I think the virtual page method could be done without repeating everything. It would involve adding a flag to items added to objects, indicating whether this is a real write or if it's tentative. A "tentative" write, if it didn't overflow the page (or otherwise displease you), would be converted into a "real" write by changing the flag. Otherwise, you either keep adding "tentative" content, or erase it and do something else (new page, etc.). It might even be possible to change X and Y values of "tentative" content to re-position it (e.g., to stretch text baselines slightly to fill the page). That might require additional changes to the object data structure to mark what is a changeable address, and what should be kept relative to another location (e.g., when drawing you might want to change only absolute addresses, and not relative addresses).

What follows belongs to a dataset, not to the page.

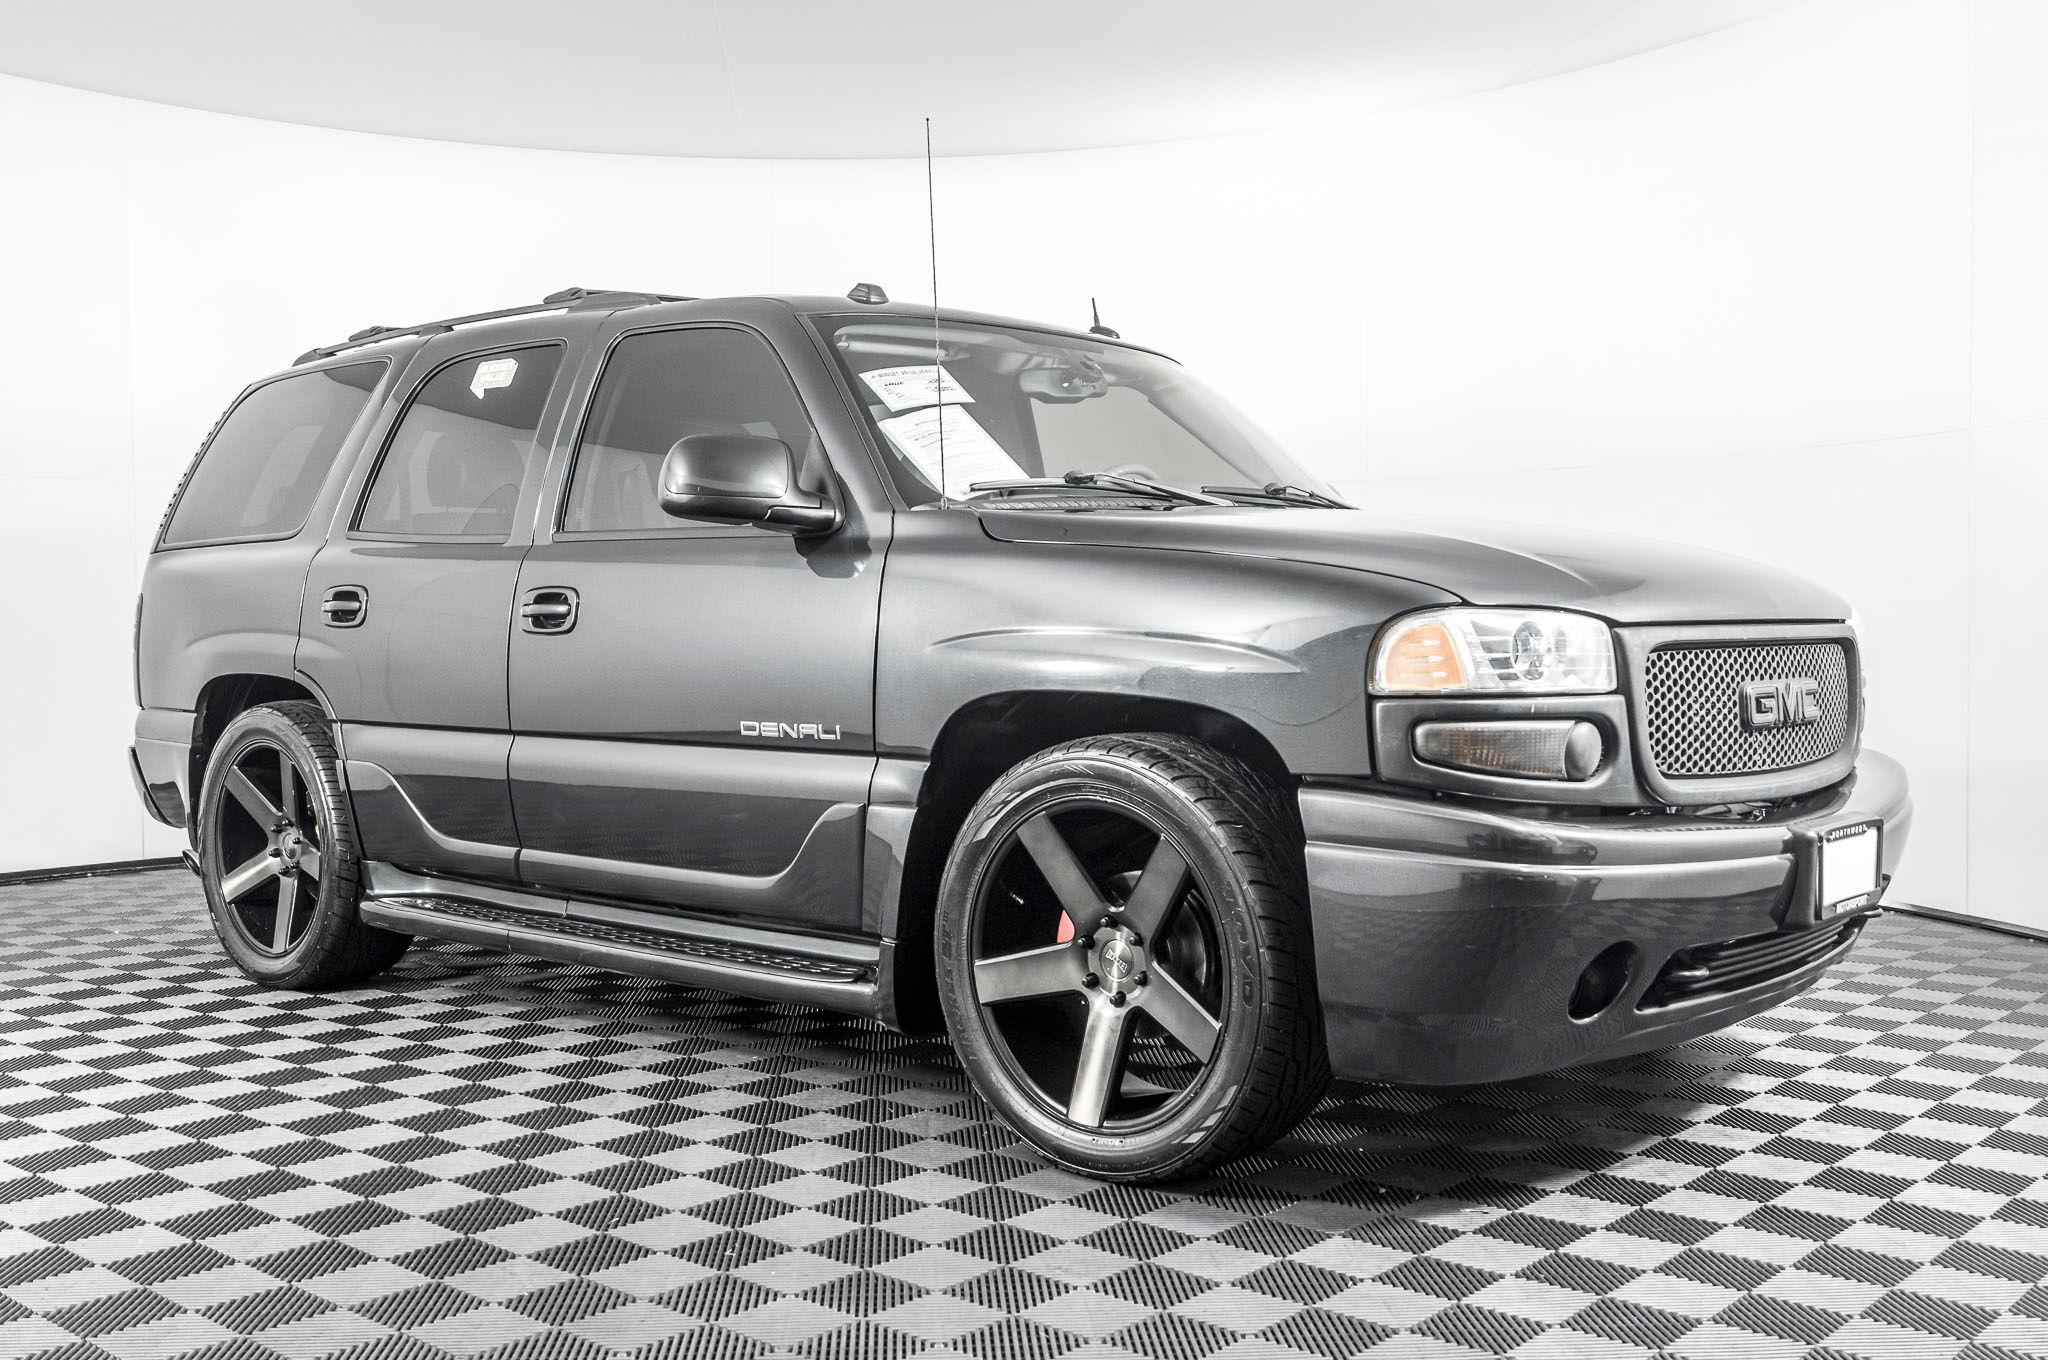 Used 2004 Gmc Yukon Denali Awd Suv For Sale Northwest Motorsport

(As an alternative), in general, would it be useful to be able to "walk" all objects on the page, and move or delete items under program control? There could be "helper" functions to change text baseline spacing in a consistent manner, etc., or scale up/down some drawing (graphics). If a paragraph has overflowed, you could even chop off the bottom and move it to the next page, or call a paragraph shaper to do a little "nip and tuck" to get the paragraph to fit (replace the existing paragraph). None of this would be trivial, of course. It would probably involve keeping extra data with the page's objects, which would be purged when it's actually written to file.
If none of this works for you, perhaps you could describe some detailed examples of what you're trying to do here. I take it you're trying to output pages without a lot of (or perhaps, any) manual intervention, so trial-and-error fitting is unacceptable.